There are several other predicate constructrors and predicate combinators, but spam can use any predicate.

There is then a matches macro which uses these to match things, and a matchp function which simply invokes a predicate.

As an example, here’s part of a matcher for &rest specifications in lambda lists.

(matching ll
  ((head-matches (some-of (is '&rest) (is '&body))
                 (var)
                 (is '&key))
   ;; &rest x &key ...
   ...)
   ((head-matches (some-of (is '&rest) (is '&body))
                  (var)
                  (any))
    ;; &rest x with something else
    ...)
   ((list-matches (some-of (is '&rest) (is '&body))
                  (var))
    ;; &rest x and no more
    ...)
   (otherwise
    (error "oops")))

spam is pretty useful, and code written using it is much easier to read than doing the equivalent checks manually. It is used extensively in the implementation of dsm.

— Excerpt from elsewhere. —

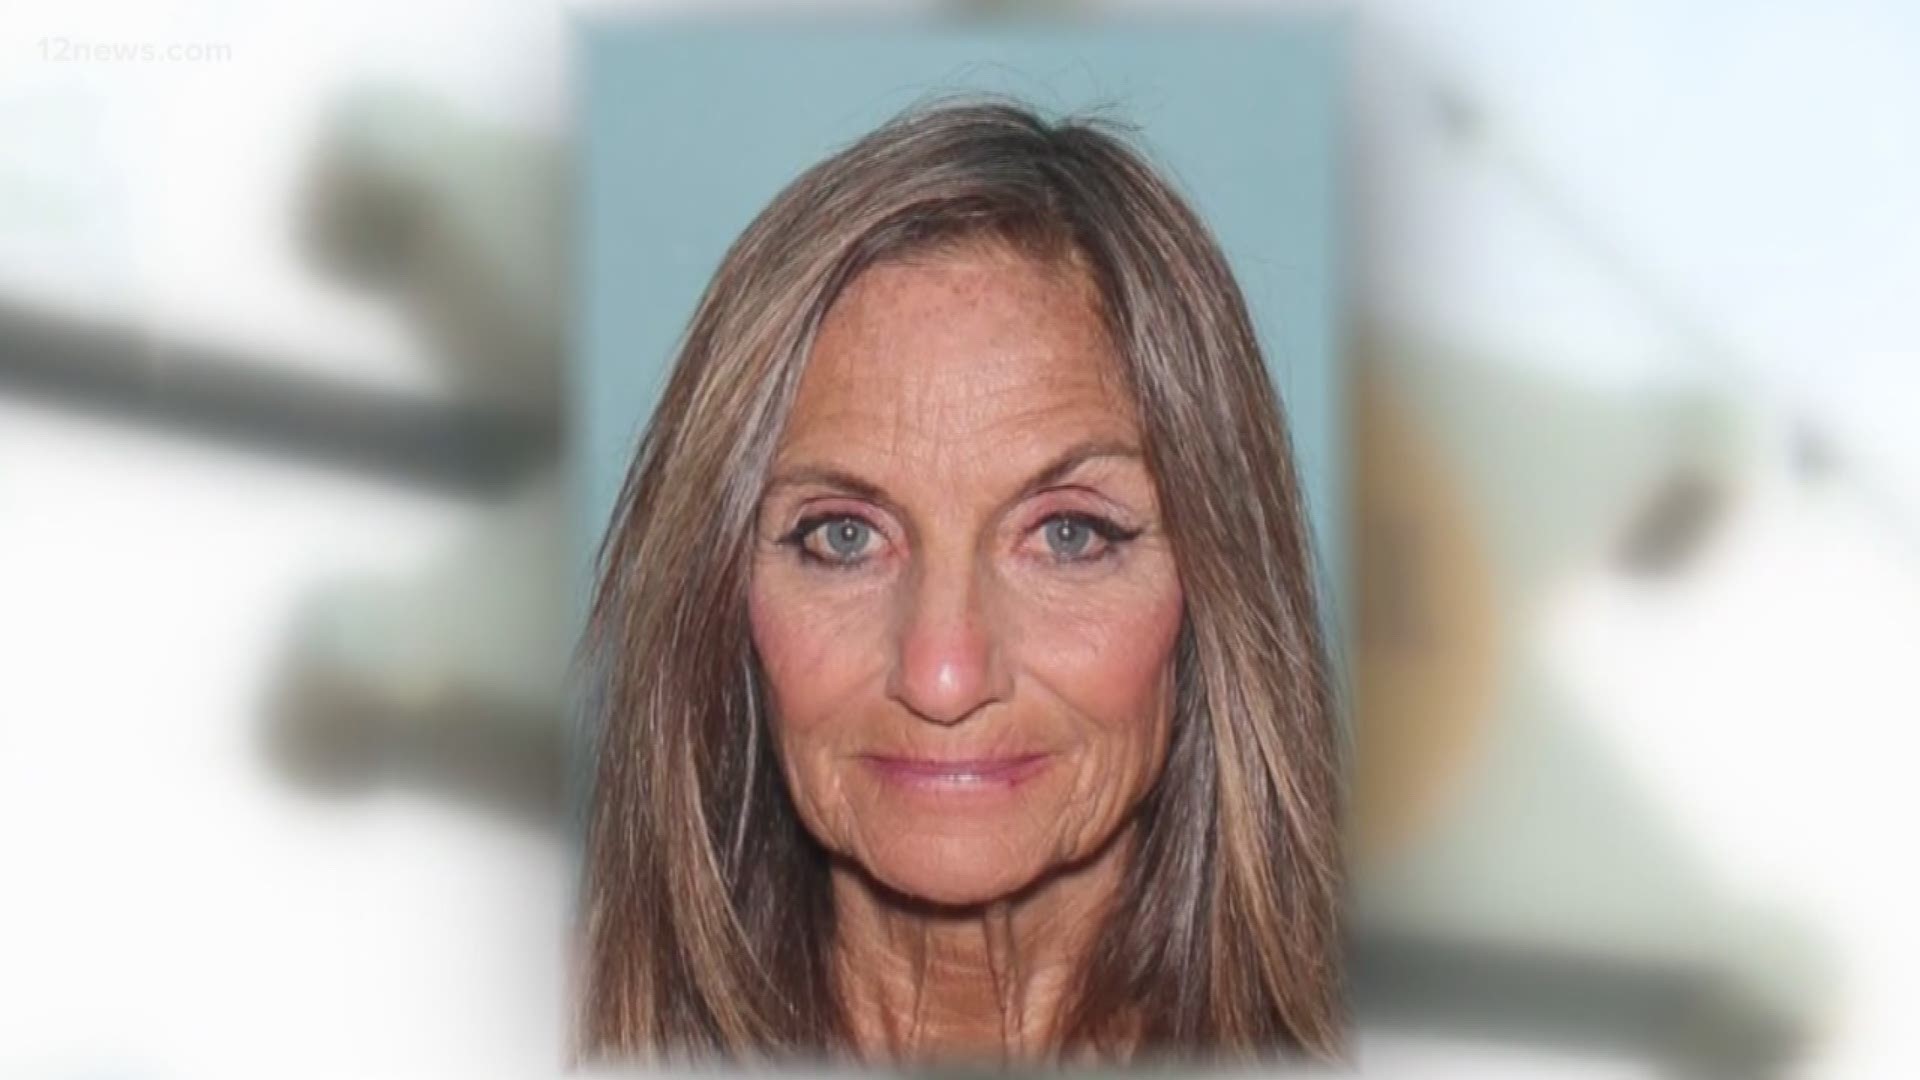 Paulette Larwinski was sexually assaulted and murdered by a 22-year-old. She frequented the area of Old Town Scottsdale, and friends there are planning a vigil to honor her memory.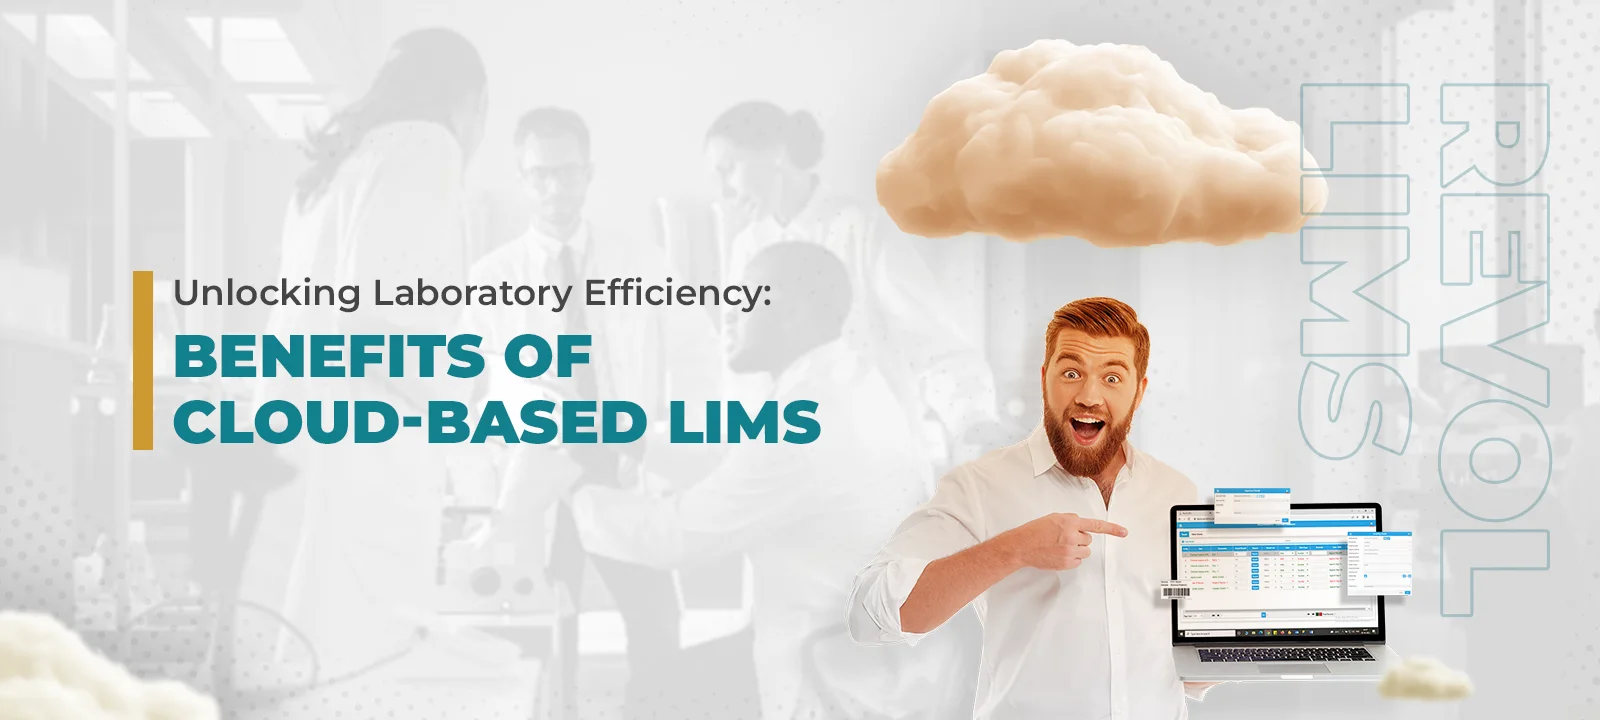  A man in a lab holding a laptop with a cloud above his head and text that says Unlocking Laboratory Efficiency: Benefits of Cloud-Based LIMS

spam is now one of my CL hax.


  1. At the time of writing Trivia supports lambda lists I think, but not destructuring-lambda lists: (match '(1 (1)) ((lambda-list a (b)) (values a b))) will fail, for instance. I don’t know whether is it meant to support destructuring lambda lists — comments in the sources imply it is, but it clearly does not in fact. 

  2. I am aware of Gabriel’s ‘worse is better’ paper and its various afterthoughts. dsm is not like that: it is smaller and simpler, but is not intended to be worse. dsm is to these other systems perhaps as Scheme was to CL. Gabriel also talks about these two options, of course. 

  3. Note this macro is 12 lines, half of which are handling the possible docstring.